The fully modified script, with comments to remind you what part of the code is doing what, is below:
data_url='http://stash.compciv.org/scrapespeare/shakespeare-plays-flat-text.zip'
data_subdir='./shakespeare-plays-flat-text'
# test to see if data has been downloaded
# if not, then download it and tell the user about it
if ! [[ -d "$data_subdir" ]]; then
echo '-------------------'
echo "First-time installation process..."
echo "...Downloading from $data_url"
curl -so shakespeare.zip $data_url
unzip shakespeare.zip
echo "Done installing data!"
echo "-------------------"
fi
# test to see if the second argument, minimum number of word chars
# has been set. If not, it defaults to 1
if [[ -z $2 ]]; then
mval=1
else
mval=$2
fi
# test to see if the third argument, maximum number of word chars
# has been set. If not, there is no maximum word length
if [[ -z $3 ]]; then
regex="[[:alpha:]]{$mval,}"
else
regex="\b[[:alpha:]]{$mval,$3}\b"
fi
cat "./shakespeare-plays-flat-text/$1.txt" | \
tr [[:upper:]] [[:lower:]] | \
grep -oE "$regex" | \
sort | uniq -c | \
sort -rn | head -n 10
To test the script above, run it once. Then delete the shakespeare-plays-flat-text
subdirectory. Then run the script again to see the installation process.
The key takeaway here is that you've learned how to create a script that can wrap up any number and length of commands, so that re-running those commands is nothing more than a one-liner:
bash my-script.sh
This ability to modularize your code will be profoundly helpful as you do more complicated tasks. Sometimes, you'll find yourself writing scripts that call other scripts, so that you don't have any one mega-script that is impossible to re-read and debug. In fact, you are already doing this: did you write the cat
command? Or grep
? No. Their functionality has been wrapped up in such a way that you just have to remember the names of their commands.
To paraphrase Peteris Krumins' paraphrase of Pablo Picasso (who might have stolen it from W.H. Davenport Adams):
Good coders code.

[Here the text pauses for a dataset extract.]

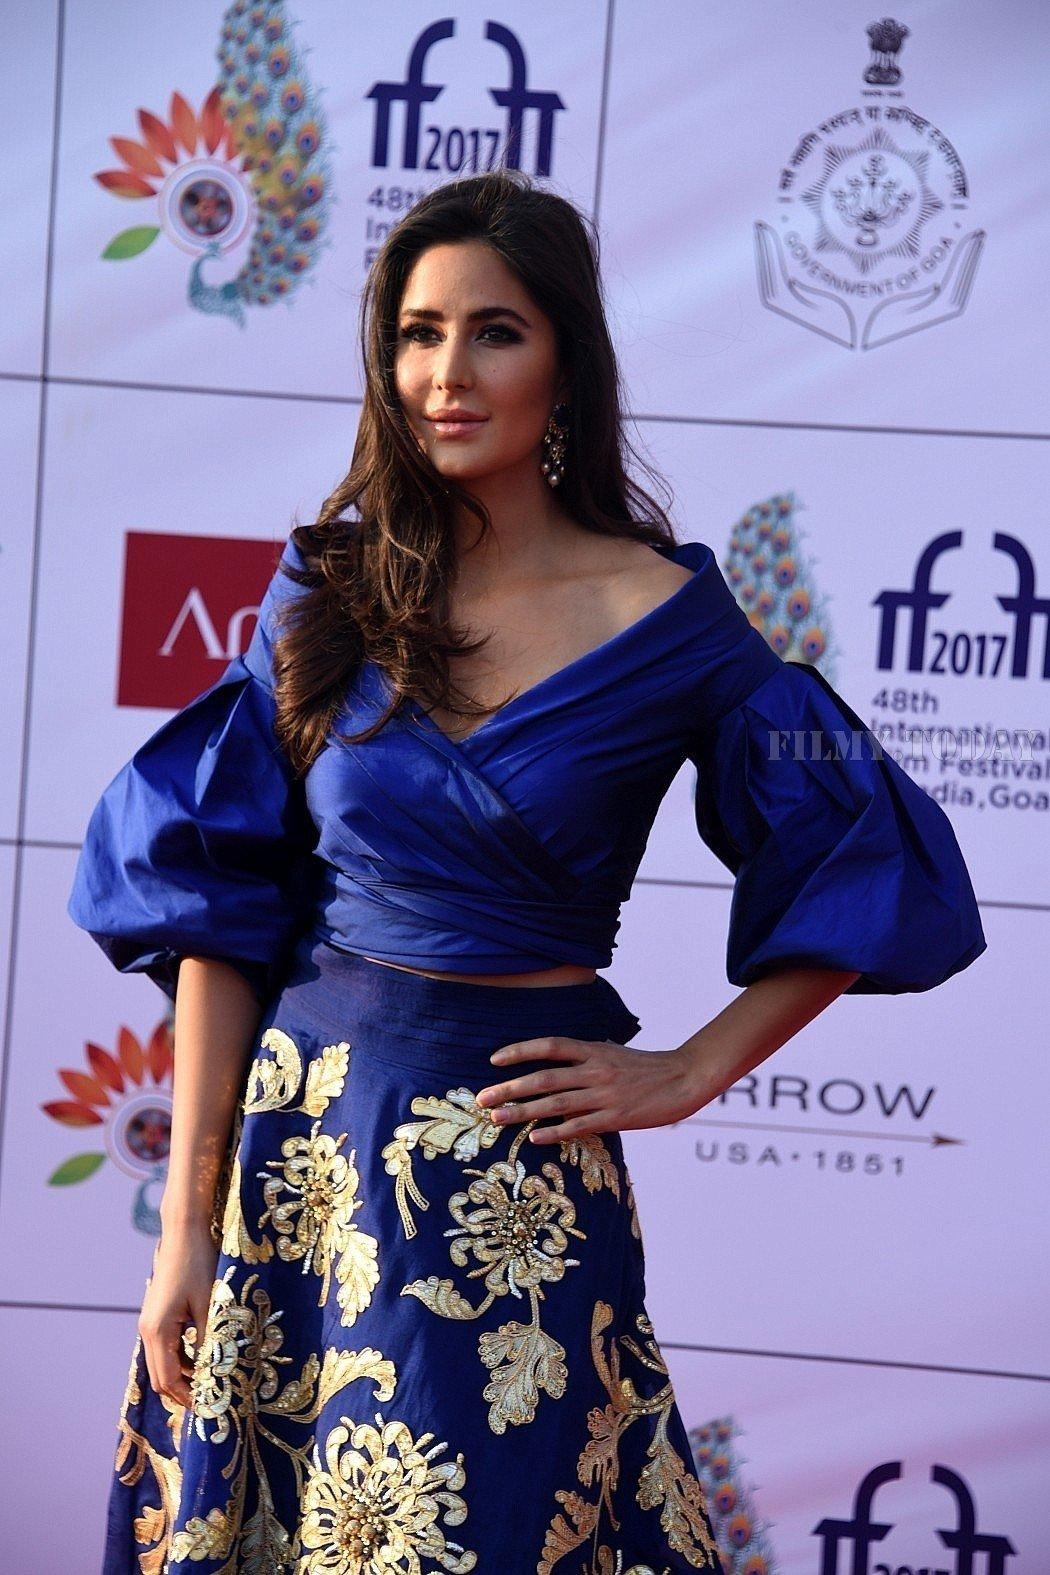 Katrina Kaif Shines in blue dress at 48th IFFI 2017 Closing Ceremony

Great coders reuse.
This isn't a software engineering class, but you might have noticed that top-shake-words.sh
seems to be unnecessarily limited. That is, it only operates from Shakespearean plays, but technically, it could do its word-counting magic from any source of text.
So why not modify it so that if a URL is passed in, it will attempt to curl
the webpage down – or if it's just a local file, just to cat
it – and then count the words. But then we'd have to write code to tell if something is a URL versus just a text file on the computer…among other issues that would come up.
In times like these, it's worth remembering the Unix philosophy, particularly the saying, "Do one thing and do it well." Our script does one thing fairly well: count occurrences of English words in a body of text. But it then tries to do something half-assedly, i.e. download Shakespearean text.
It would be much better if we changed the script to read from any text stream, like so:
curl http://romeo-and-juliet.com | top-any-words.sh 5 7
This underscores the part of the Unix philosophy that says: "Text is a universal interface" – in the proposed modification above, top-words.sh
would not even have to worry about the existence of data files, or the Internet. It lets curl
or whatever program is piping into it handle the details of getting the text. That way the top-any-words.sh
script just cares about one thing: counting (English) words.
We might deal with that design issue in another lesson. For now, it's enough to remember how following the Unix philosophy can make program design much easier and worry-free.